Nos expositores, as marcas de produção nacional têm prioridade, critério que também dá lugar a algumas etiquetas estrangeiras. Maison Kitsuné, Homecore e Les Expatriés são três marcas de culto que atualmente fabricam em Portugal e atrás destas há outras a caminho. É o caso da YMC, da Folk Clothing, da Stutternheim e dos sapatos de Armando Cabral. Estão a apostar cada vez mais na indústria portuguesa e isso chamou a atenção da Earlymade, que já agora deve o seu nome a uma tradução literal de Cedofeita para inglês.

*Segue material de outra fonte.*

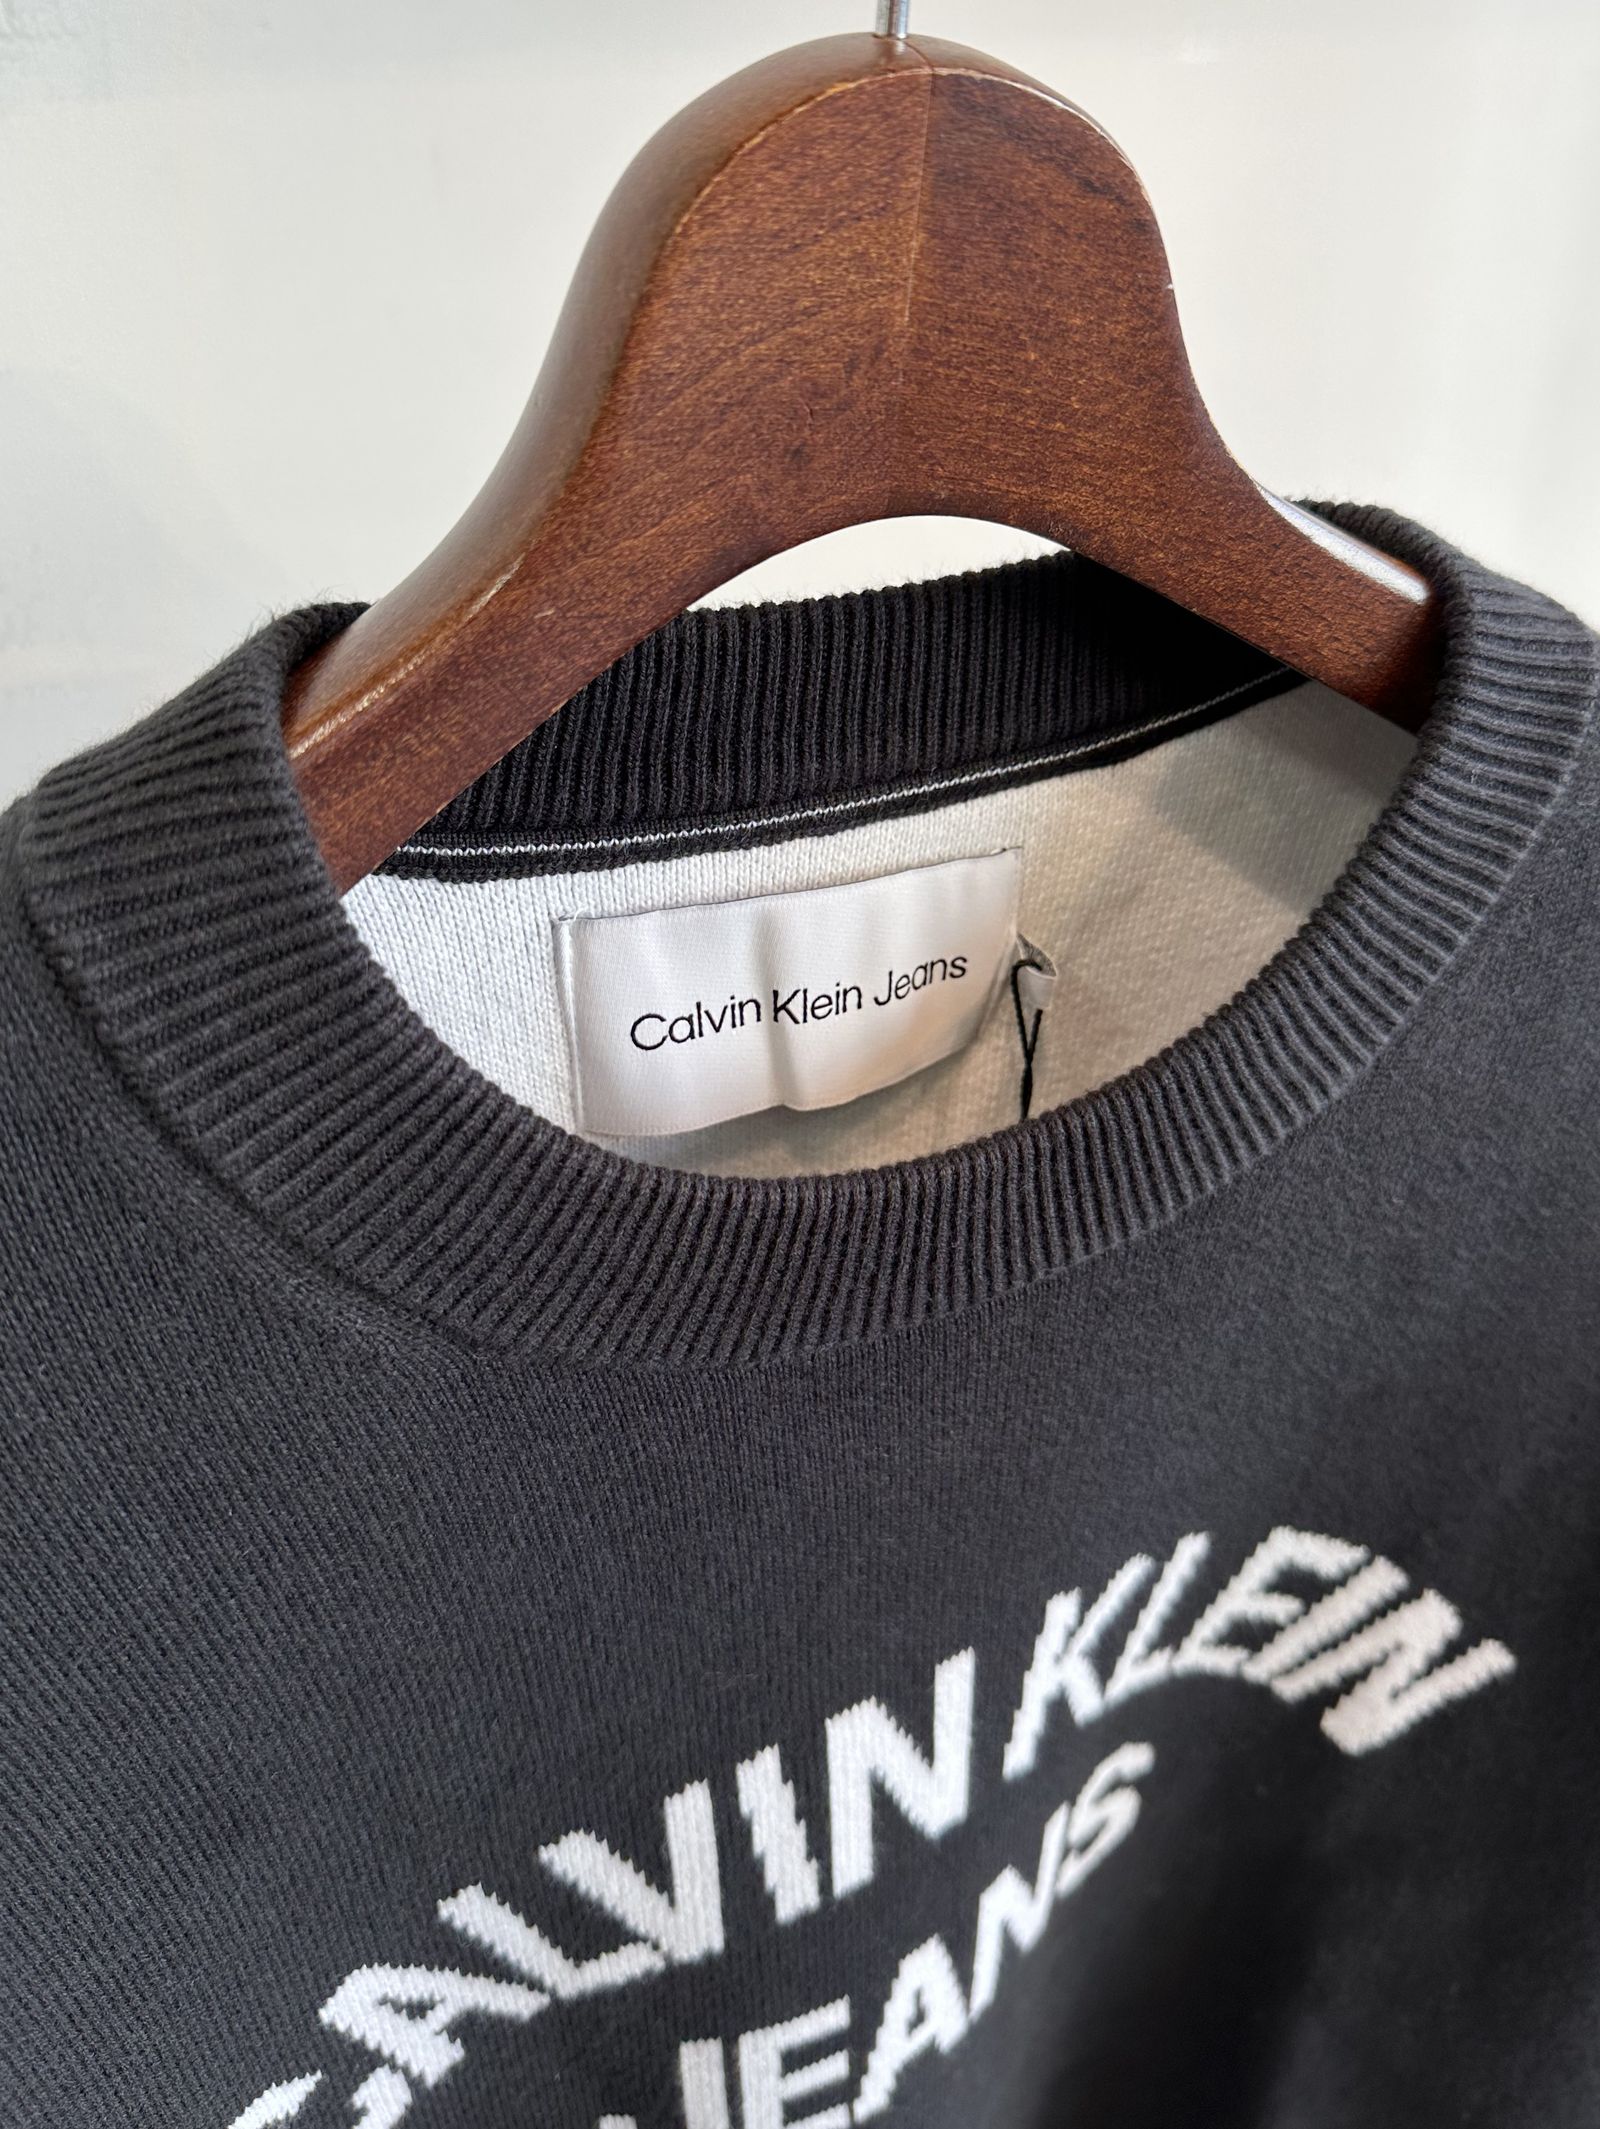 Calvin Klein - バーシティクルーネックセーター / J324493 / ブラック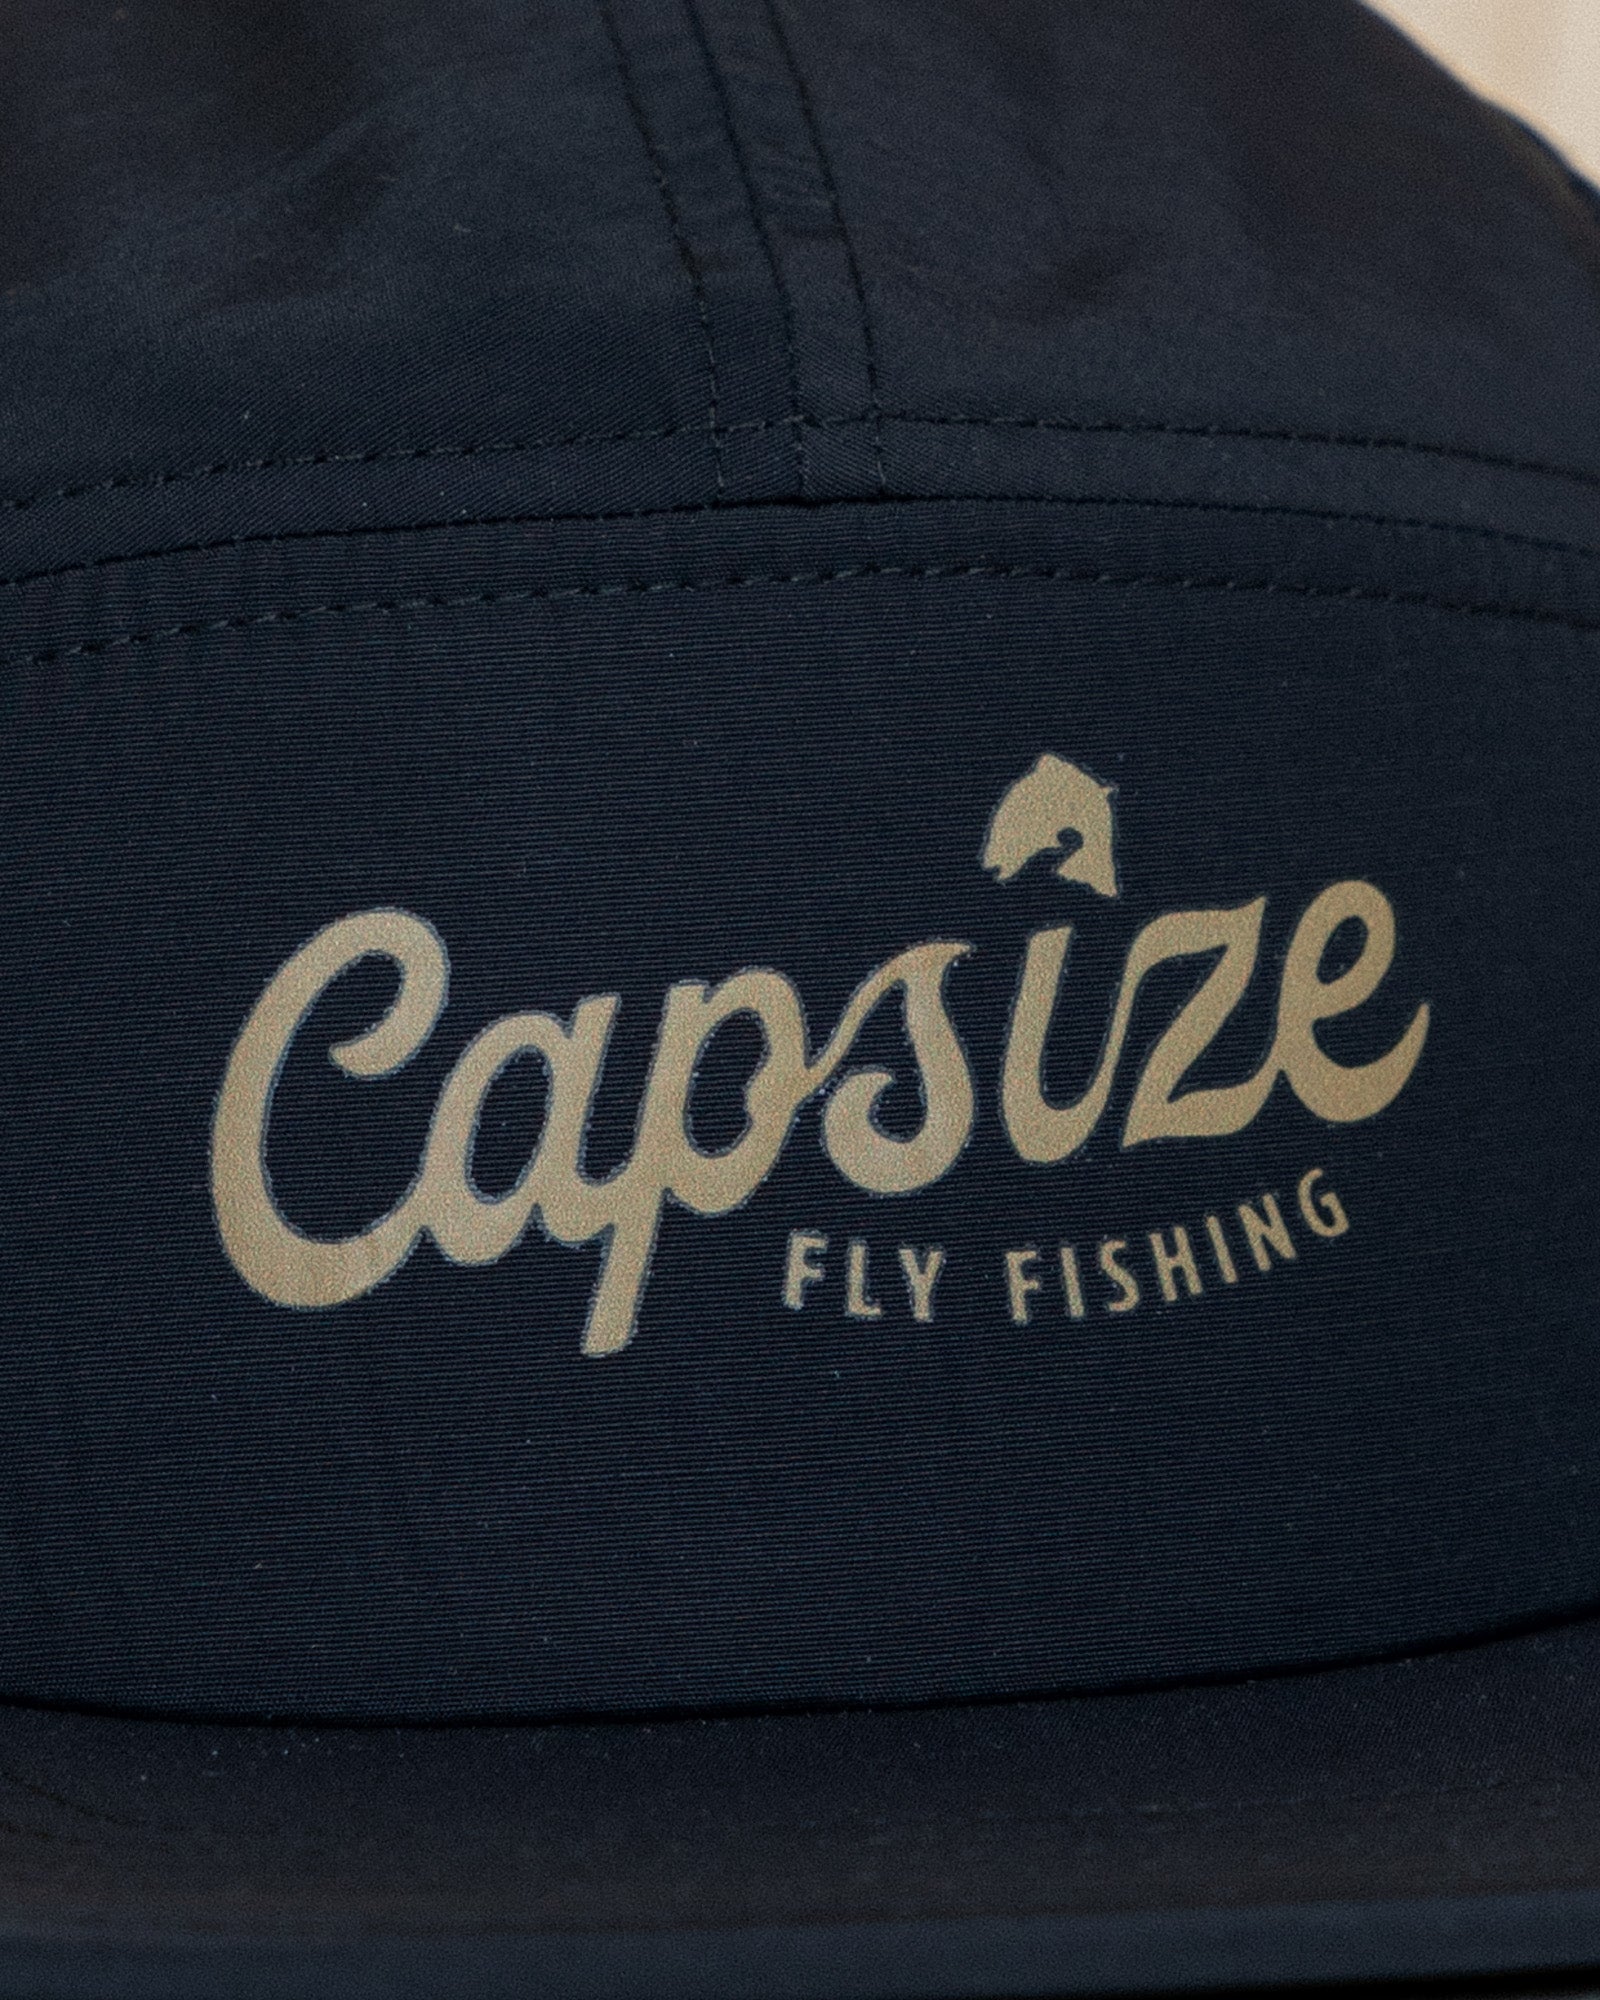 Fly Fishing Hat | Capsize Packable Black Camper Cap

De estilo minimal e com uma aposta na qualidade dos materiais, a concept store da Rua do Rosário vai muito além das compras. Emanuel e Patrícia abriram o Rosa Et Al Townhouse, um pequeno hotel onde as preocupações com o design são redobradas e as seis suites partilham do mesmo ambiente da loja e da cafetaria. O pacote fica completo com dois espaços destinados a receber residências artísticas. A White Box e a Black Box recebem os primeiros inquilinos já em janeiro, depois de uma open call lançada à cidade. A primeira é um atelier com máquinas de costura semi-industriais, o recreio perfeito para desenvolver projetos na área têxtil. A segunda, voltada para artistas nacionais e internacionais a residir no Porto.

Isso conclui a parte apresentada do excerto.